Lost City of Mirador: The "Cradle of Mayan Civilization"

November 2009

 


GHF Mirador Featured on CNN’s Wolf Blitzer

We’re taking you deep into the jungle of Guatemala in a CNN exclusive challenge of protecting this area, so rich in history from drug traffickers and other threats, that’s next.

BLITZER: Guatemalan archaeologists are making an fascinating discovery. Let’s go to CNN’s Brooke Baldwin. She traveled to Mirador and came back with an amazing story.

Brooke, tell our viewers what’s going on.

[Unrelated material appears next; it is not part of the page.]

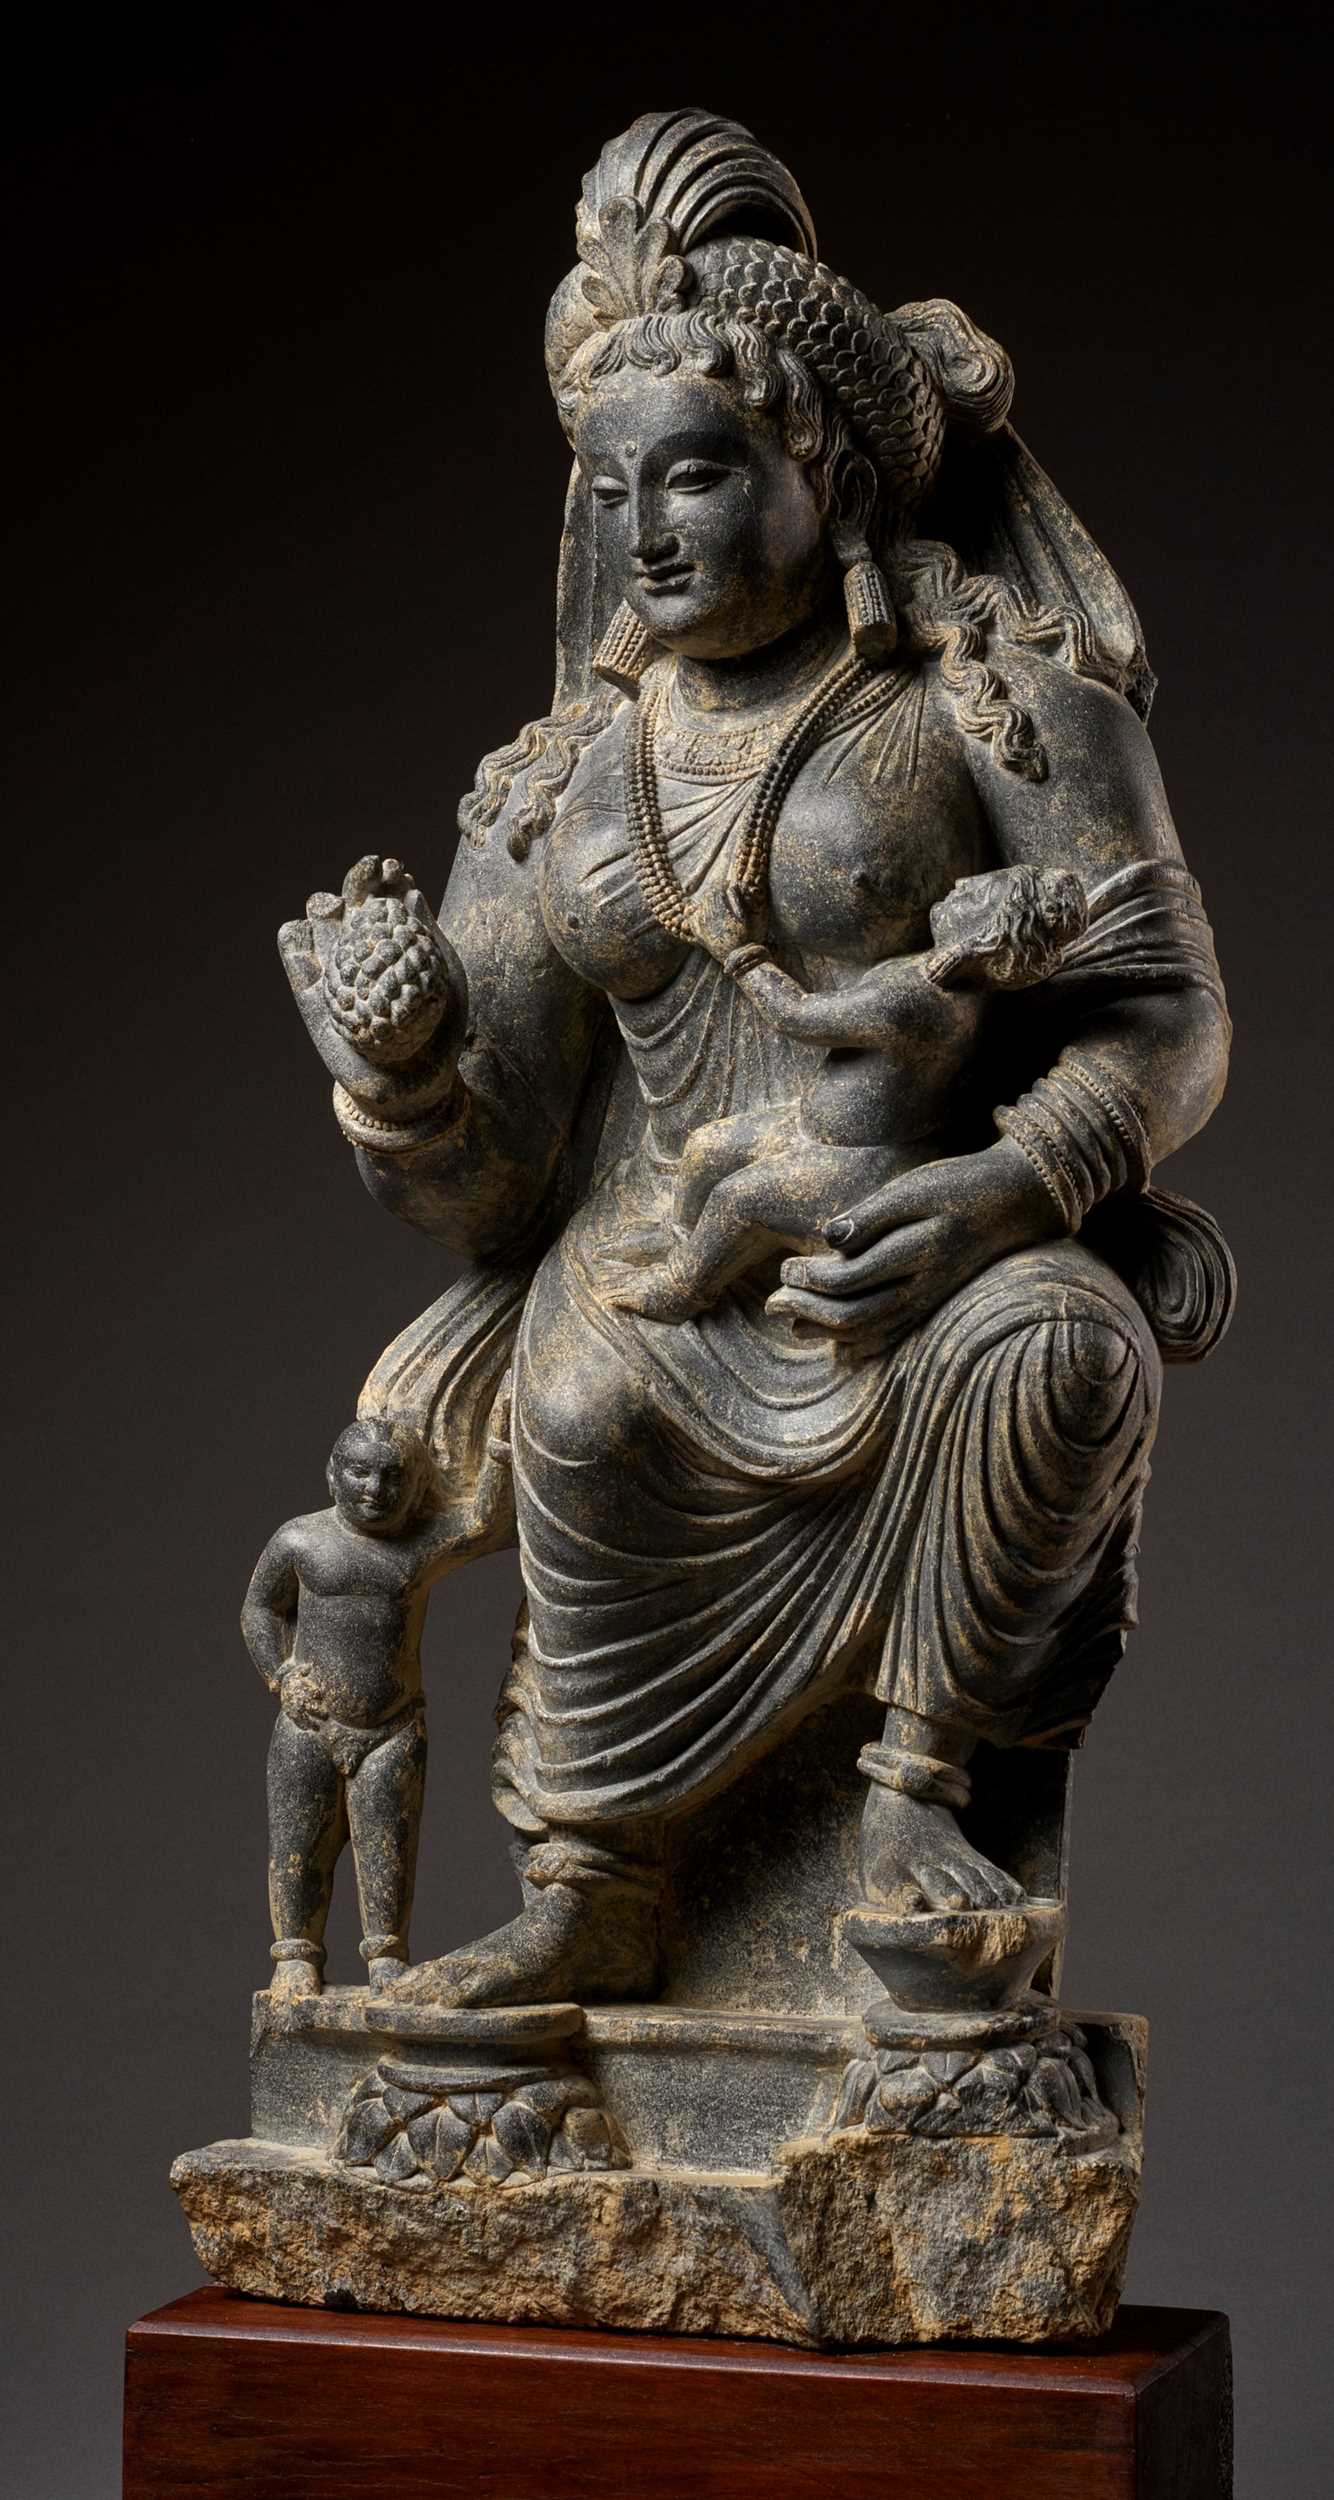 Lot 686 - A HIGHLY IMPORTANT AND LARGE SCHIST STATUE OF HARITI, GANDHARA, 2ND-3RD CENTURY

BROOKE BALDWIN, CNN CORRESPONDENT: Wolf, I think I’m officially an archaeology geek. Our CNN crew were the first TV camera in the world to shoot the face of what may be the world’s largest pyramid by volume. This pyramid is covered by the canopy of the jungle. It is currently facing several threats.


BALDWIN: From the air, it looks like just jungle. But these forests in Guatemala hide an ancient secret, the city of Mirador, often referred to as the cradle of Mayan civilization, the size of a modern day metropolis. This is no mountain. It’s a pyramid and according to the Mirador base and project, it may be the largest pyramid by volume in the world. CNN is traveling with the project’s director and lead archaeologist Richard Hansen and the founder of the Global Heritage Fund Jeff Morgan.

RICHARD HANSEN, DIR., MIRADOR BASIN PROJECT: The pyramid is a structure the world should know because it represents an investment of labor unprecedented in the world history. Every single stone in that building, from the bottom to the top, was carried by human labor.

BALDWIN: And the work to save this pyramid is delicate, done by hand. Guatemalan archaeologists painstakingly help uncover pieces of history built by their ancestors and the view from the top is spectacular.

UNIDENTIFIED MALE: This is some of the Maya world.

BALDWIN: Here on the top, we’re 72 meters or 224 feet from the forest floor and when we talk about sheer size of this area that is el Mirador, just one single Mayan city, archaeologist Dr. Richard Hansen says its size is larger than all of downtown Los Angeles and he says there are still thousands of pyramids yet to be uncovered.

Then Dr. Hansen shows us something few people have ever seen, a relic that is the Mayan story of creation. Oh, my gosh. CNN cameras are the first to capture this fresh discovery which Hansen says will rewrite Mayan history.

This is the creation story of the Mayan people.

HANSEN: This is the creation story and it goes back to at least 300, 200 B.C.

BALDWIN: For decades, historians believe the pyramid was tainted by the Catholic views of Spanish conquistadors. Finding this freeze changes everything because it predates the Spanish arrival by more than a millennium. The challenge now is preserving this area, a jungle, constantly under threat by narco traffickers, loggers and cattle ranchers. Hansen’s guards are on constant standby to keep looters out.

HANSEN: We have had guards in cities throughout the basin, where we haven’t had the resources for that, we have lost 100 percent.

BALDWIN: Hansen has made Mirador his life’s work and hopes to share these Mayan secrets with Guatemala and the world.

HANSEN: The science for the sake of science is sterile (inaudible) blessing the lives of people. And by conserving this, we’re blessing the lives of an entire nation.

BALDWIN: Gorgeous, isn’t it? The Global Heritage Fund is a nonprofit organization also working to preserve Mirador. They have several sites like this around the world, Laos, Cambodia, Turkey—the goal, to conserve the history of these sites and develop a sustainable tourist industry, Wolf, so that the people closest to the site, including the native Guatemalans in this case, are the ones who will benefit the most.

BLITZER: Amazing stuff, Brooke. Thanks for bringing it to us.